I like loud and distorted guitar the old school way, in the form of jamming power trios,  guitar-bass-drums shootouts where the downbeats started at debated counts, and the length of the improvised middle section was unpredictable. Ad-libbed solos, riffing, vamping, monochromatic chord mongering, the center portions of this species of random noise took a cue from several generations of black American blues geniuses. The young Turks to the clear, elegantly expressed formulations of anger, pain, dread, and joy and tweaked the pentatonic elements to a narrowed strain of white male rage, performed at volume levels beyond endurance levels, with the nimble, simple, eloquent rhythms and solo configurations of guitar, harmonica, banjo being replaced with a wave of distorted notes bent to their furthermost pitch of emotional credibility. It was perfect for the smoky ballrooms I went to in the late '60s, where the likes of Cream, Blue Cheer, Sir Lord Baltimore, T.Rex, and Mountain belched, groaned, and assaulted a beleaguered audience of addled brains with their instrumental abuse; on some nights the commotion and clamor reminded you more of a demolition derby instead of a unique engagement with a fleeting muse. The impact was more important than configuration. There was joy when I came upon the MC5 and the Stooges in Detroit, where I lived. The 5 were every car Detroit had manufactured being tossed off the top of the Penobscot Building, the tallest building in the city at the time. The MC5 had a speed and power only the fury of an accumulating gravity could provide, and half the fun of watching these guys batter, abuse, and flail their instruments while the wiggling and wrenching in hip-thrusting deliriums. This was the guitar version of Demolition Derby. The Stooges were, on the other hand, the guitar that was tossed off with a violent fling at a lousy rehearsal and left on, still plugged into the amp, humming and crackling the whole night. Ron Ashton's guitar work was perfect, imperfect, with a wood-chipper rhythm, an excellent three and two-chord background for Iggy Pop, whose psycho-sexual explorations into teenage impatience would make you think of a zombie severed arm. It still twitches across the blood, the hand is still making grasping motions for your neck, you realize that even death cannot stop this force that requires your attention.



Monday, April 12, 2010

The MC5 in the marketplace

Never toss out your old suits, it's often said. You never know when wide lapels will become again. You also never know which grossly non commercial, limited appeal band will become sanctified in the market place. Guitar Hero introduces "Kick Out the Jams" by the MC5 to the guitar starved:





I saw the MC5s play in Detroit between 1967-69 when they played the Grande Ballroom and teen clubs and free shows around Wayne County, and there was a real dangerous, outlaw method in the way they did their business. They did things their way and the consequences be damned. Everyone in the mainstream press and the rock press hated them, and Elektra Records dumped them after one album after the band took out a full page ad in the local underground paper The Fifth Estate for it's first album, Kick Out The Jams.
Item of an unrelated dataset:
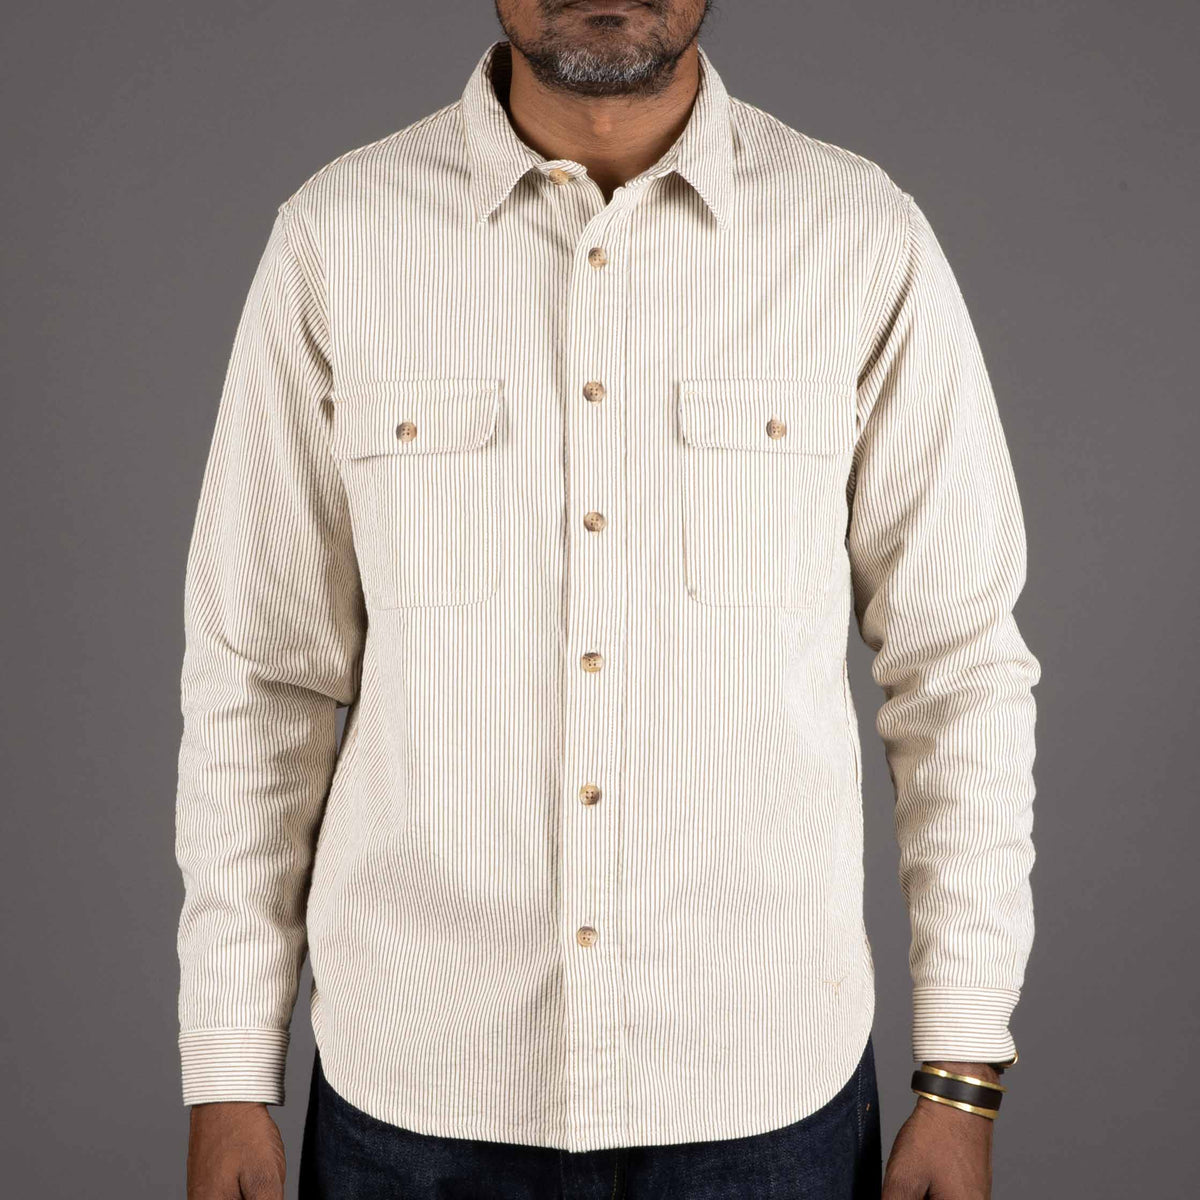 Work Shirt 6.5 oz. brown & white cord stripe

A local department store chain, Hudson's, wouldn't carry the album because the title song, because the song had the word "motherfucker" exclaimed at the start; the MC5, in a likely combination of integrity and ego, had the ad read

KICK OUT THE JAMS, MOTHERFUCKER! And kick out the door of the store that won't sell you the MC5. FUCK HUDSON's
 To the horror Elektra Records executives, the band put the record company logo on the ad, which made it seemed as if they had approved of and paid for the ad themselves. I do paraphrase the exact wording of the ad, but it is faithful to the cadence and , well, spirit of the band's marketing approach. Hudsons' was perhaps the major outlet for new album releases at the time, and the record executive quite likely didn't want to be dropped from the store sales racks. The revolutionary 5 were dropped from the label in quick order.

 I am gratified that the MC5 are getting their due. The irony is that their music has had to be commercialized with things like Guitar Hero, meaning that the 5 have had to become as consumer friendly as the artists after them who cite them as a major influence.